2. The fluidic connector body of claim 1, wherein the flared end of the elongated tube may define a portion of a cone having an interior face and an exterior face, wherein the interior face may contact the spherical end portion of the seat to form the fluidic seal.

3. The fluidic connector body of claim 1 further adapted to receive a nut, wherein the nut may forcibly engage the flared end of the elongated tube to the spherical end portion of the connector body.

4. The fluidic connector body of claim 2 further adapted to receive a nut, wherein the nut may forcibly engage the flared end of the elongated tube to the spherical end portion of the connector body.

5. The fluidic connector body of claim 1 further adapted to be coupled to a device.

6. The fluidic connector body of claim 4 further adapted to be coupled to a device.

7. The fluidic connector body of claim 1, wherein the elongated tube may be a brake tube.

8. The fluidic connector body of claim 6, wherein the elongated tube may be a brake tube.

9. A fluidic connector assembly, comprising: a connector body having a seat with a spherical end portion, an elongated tube having a flared end, and a nut, wherein the connector body is adapted to receive the elongated tube and the nut to form a substantially rigid connection and the flared end of the tube and the spherical end portion of the seat are engaged so as to form a fluidic seal therebetween.

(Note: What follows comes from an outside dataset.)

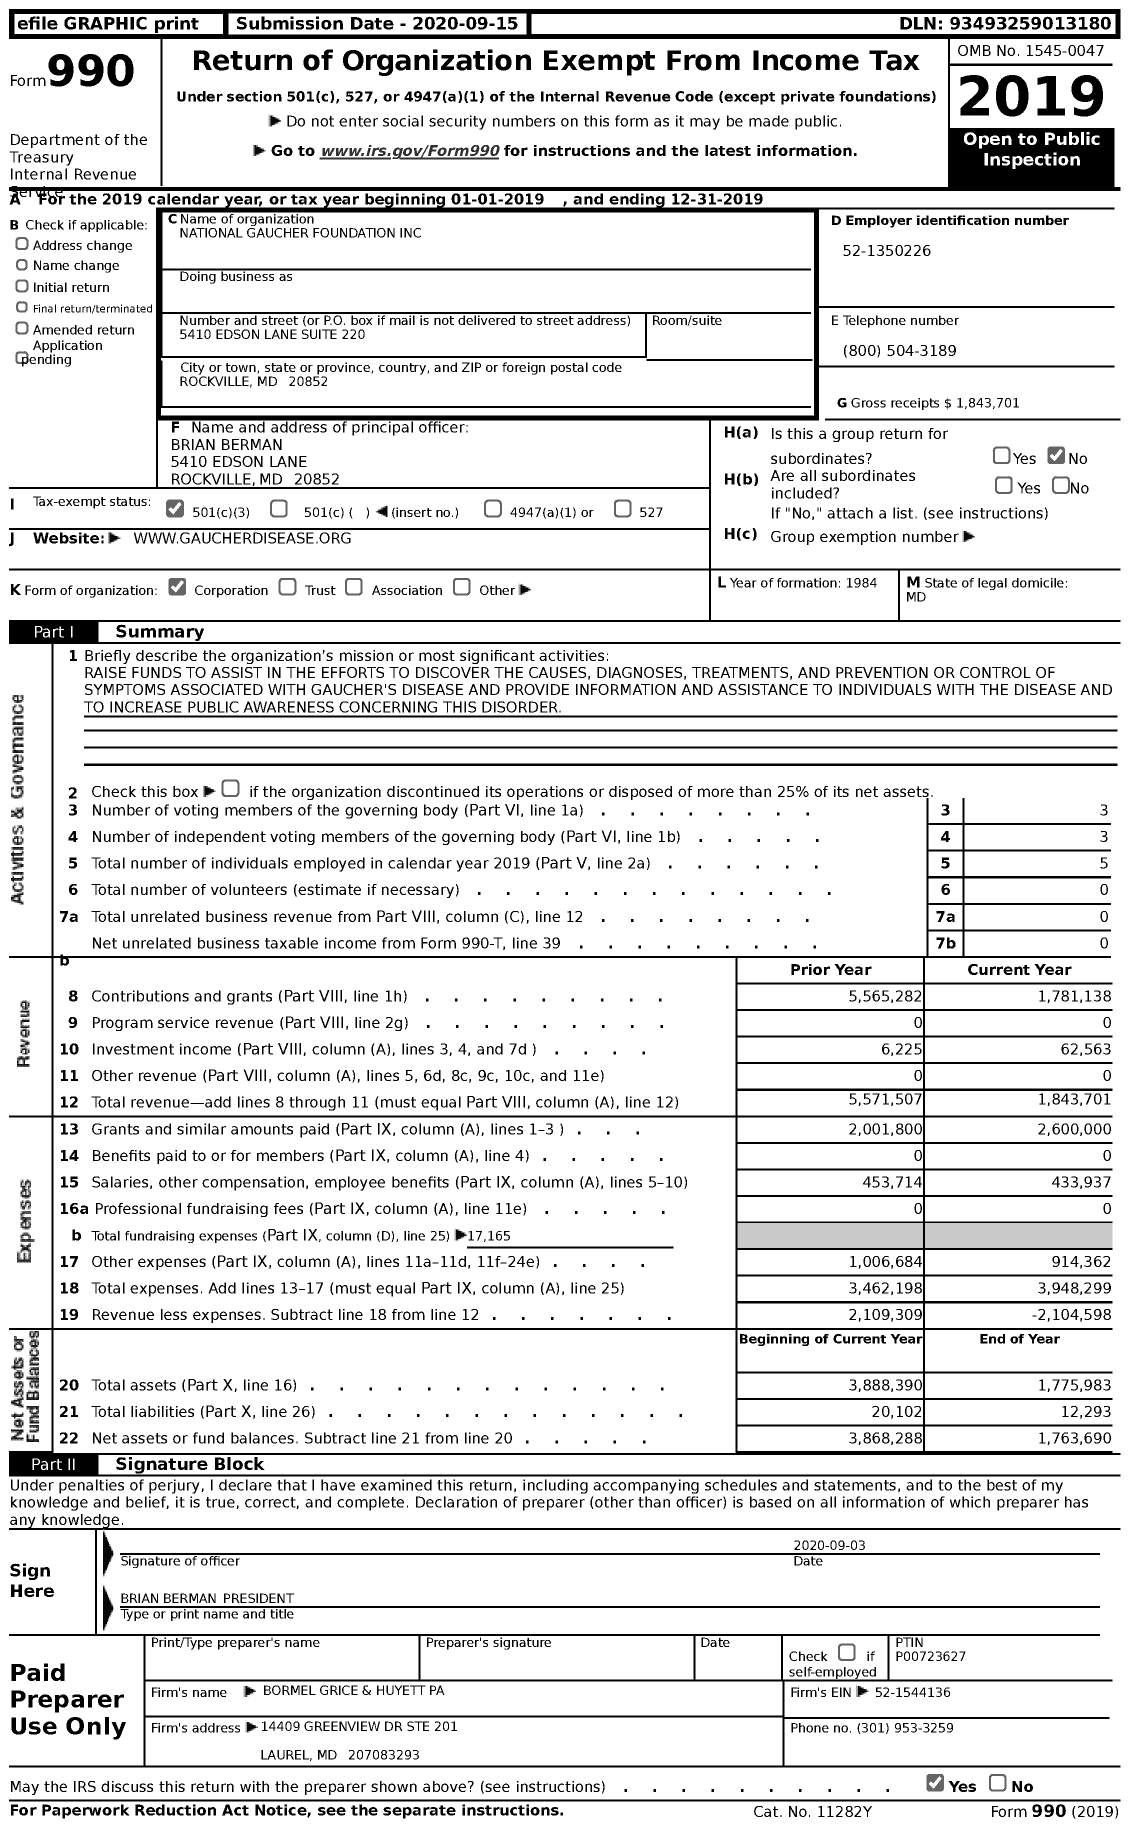 Image of first page of 2019 Form 990 for National Gaucher Foundation (NGF)

10. The fluidic connector assembly claim 9, wherein the flared end of the elongated tube defines a portion of a cone having an interior face and an exterior face, wherein the interior face contacts the spherical end portion of the seat.

11. The fluidic connector assembly claim 9, wherein the connector body further comprises a threaded bore and the nut comprises a central bore and a threaded exterior portion, wherein the threaded bore of the connector body is adapted to receive the threaded exterior portion of the nut, the central bore of the nut is adapted to receive the elongated tube, and the nut is further adapted to forcibly engage the flared end of the elongated tube to the spherical end portion of the seat.

12. The fluidic connector assembly claim 10, wherein the connector body further comprises a threaded bore and the nut comprises a central bore, a threaded exterior portion, a head portion, and an abutting face, wherein the threaded bore of the connector body is adapted to receive the threaded exterior portion of the nut, the central bore of the nut is adapted to receive the elongated tube, and the abutting face of the nut is adapted to engage the exterior face of the flared end of the elongated tube.

13. The fluidic connector assembly claim 9, wherein the connector body forms a portion of a device.

14. The fluidic connector assembly claim 12, wherein the connector body forms a portion of a device.

15. The fluidic connector assembly claim 9, wherein the elongated tube is a brake tube.

16. The fluidic connector assembly claim 14, wherein the elongated tube is a brake tube.

17. A method for forming a substantially-rigid fluidic connection, comprising the steps of:

Providing a connector body having a seat with a spherical end portion,

Inserting an elongated tube having a flared end portion into the connector body,

Aligning the tube in relation to the fluidic connector within an annular range,

And inserting a nut into the connector body so as to forcibly engage the flared end of the elongated tube to the spherical end portion of the seat so as to form a fluidic seal.